日経の小平龍四郎編集委員は基礎的な知識が欠如した状態で記事を書いているのではないか。そう思わせる記事が11日の日経朝刊総合・経済面に出ていた。「けいざい解読~銀行の個性奪う金融規制強化 市場不安定化の要因に」という記事の中で、小平編集委員は「TLAC」を「経営破綻時に債券から株式にふり替わり損失を吸収する特殊債務」と説明している。しかし、これは誤りの可能性が極めて高い。
福岡城跡(福岡市中央区) ※写真と本文は無関係です

問題のくだりは以下の通り。

【日経の記事】

11月にトルコのアンタルヤで開催予定の20カ国・地域(G20)首脳会議(サミット)に向け、世界の金融当局で構成する金融安定理事会(FSB)が新しい自己資本比率規制の最終案を固めた。経営破綻時に債券から株式にふり替わり損失を吸収する「TLAC」と呼ばれる特殊債務の導入を、巨大金融グループに義務づける内容だ。


日経には以下の内容で問い合わせを送った。回答はないだろう。


【小平編集委員への問い合わせ】

小平龍四郎編集委員は記事中で「経営破綻時に債券から株式にふり替わり損失を吸収する『TLAC』と呼ばれる特殊債務の導入を、巨大金融グループに義務づける内容だ」と書かれています。TLACに関するこの説明は誤りではありませんか。TLACは「総損失吸収能力=total loss-absorption capacity」のことであり、「特殊債務」の名称ではありません。
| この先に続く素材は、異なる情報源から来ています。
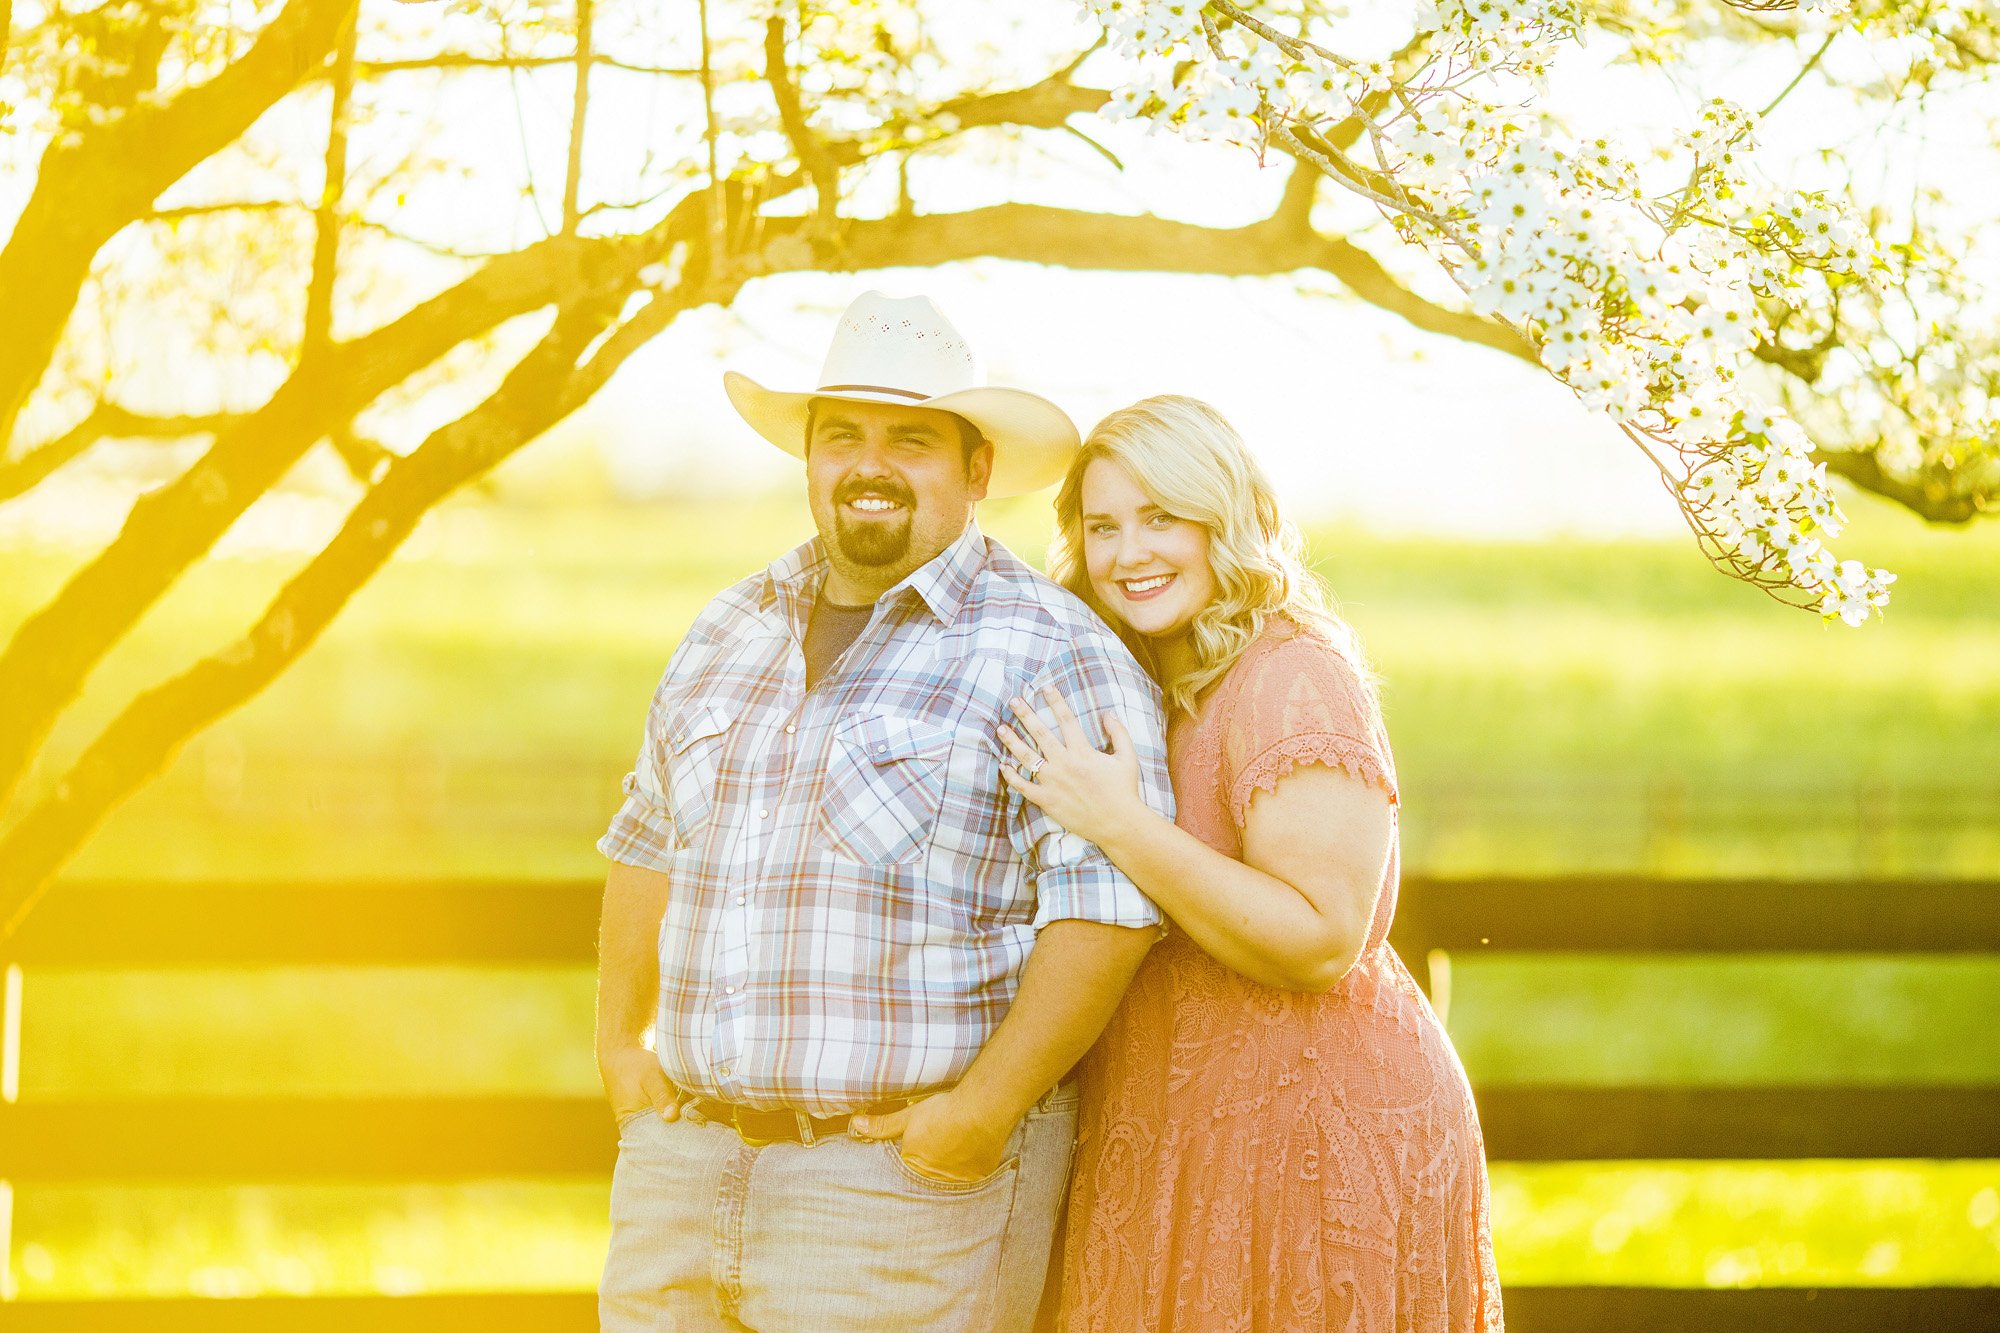 Seriously_Sabrina_Photography_Lexington_Kentucky_Sunset_Farm_Engagement_Cody_Sara_1.jpg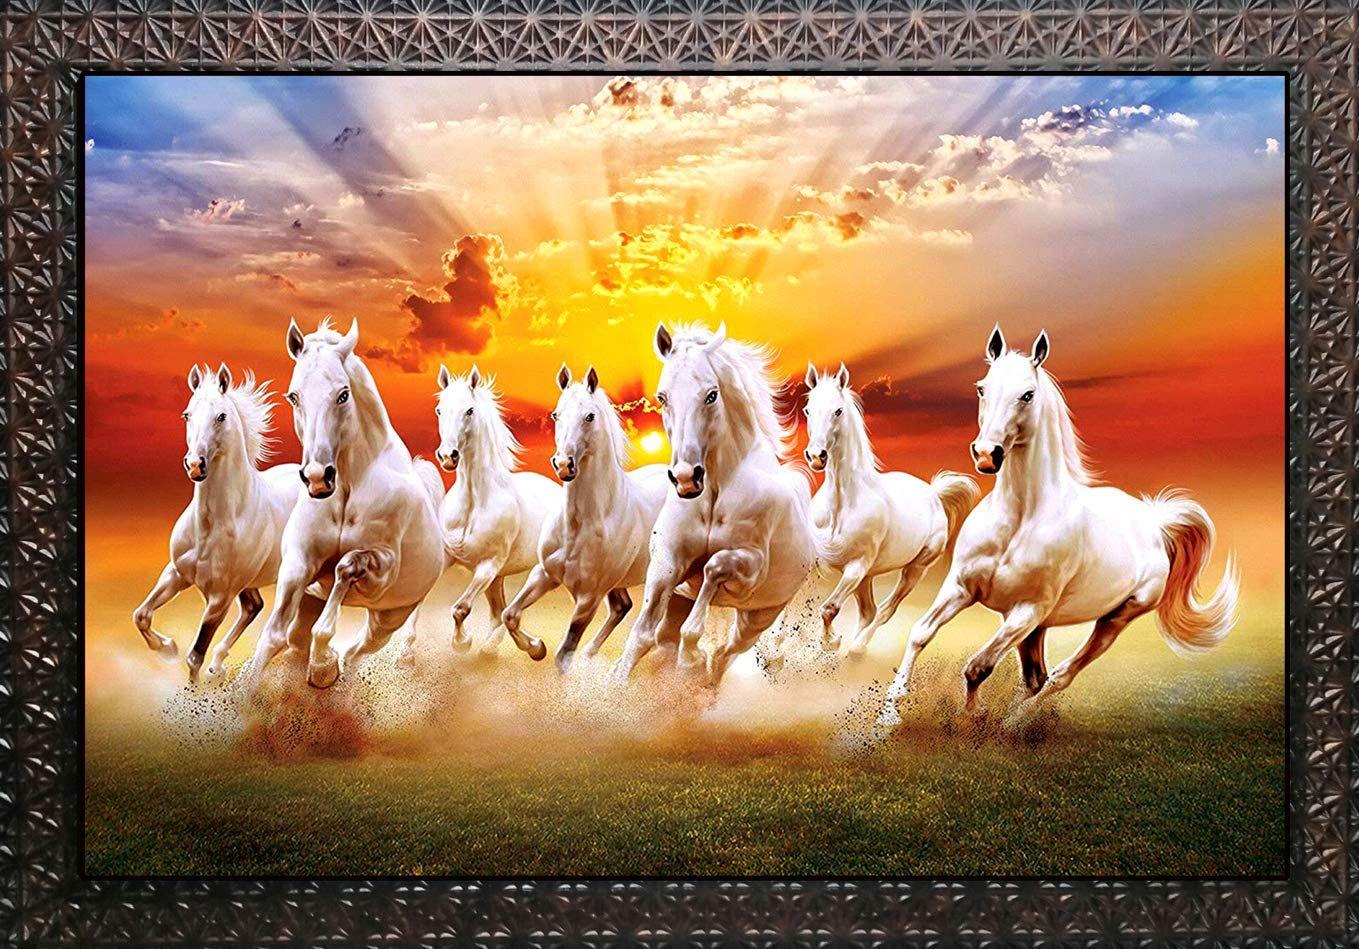 Pari Arts Beautiful Wall Painting Vastu Running Horses Art Special Effects Sparkle Laminati In 2021 White Horse Painting Seven Horses Painting Horse Canvas Painting

破綻時に株式へ変換できる債券もTLACに含められますが、普通株などの自己資本もTLACとして算入されるようです。TLACと認められるのが「経営破綻時に債券から株式にふり替わり損失を吸収する特殊債務」だけならば、記事のような表記でも大きな問題はないかもしれません。しかし、記事の説明だと「TLACとして認められるのは特殊債務のみ」との誤った印象を読者に与えてしまいます。

記事の説明に問題ないと判断されているのであれば、その根拠も併せて教えてください。お忙しいところ恐縮ですが、早めの対応をお願いします。


記事の問題点は他にもある。それらについては(2)で取り上げる。

※(2)へ続く。

追記)結局、回答はなかった。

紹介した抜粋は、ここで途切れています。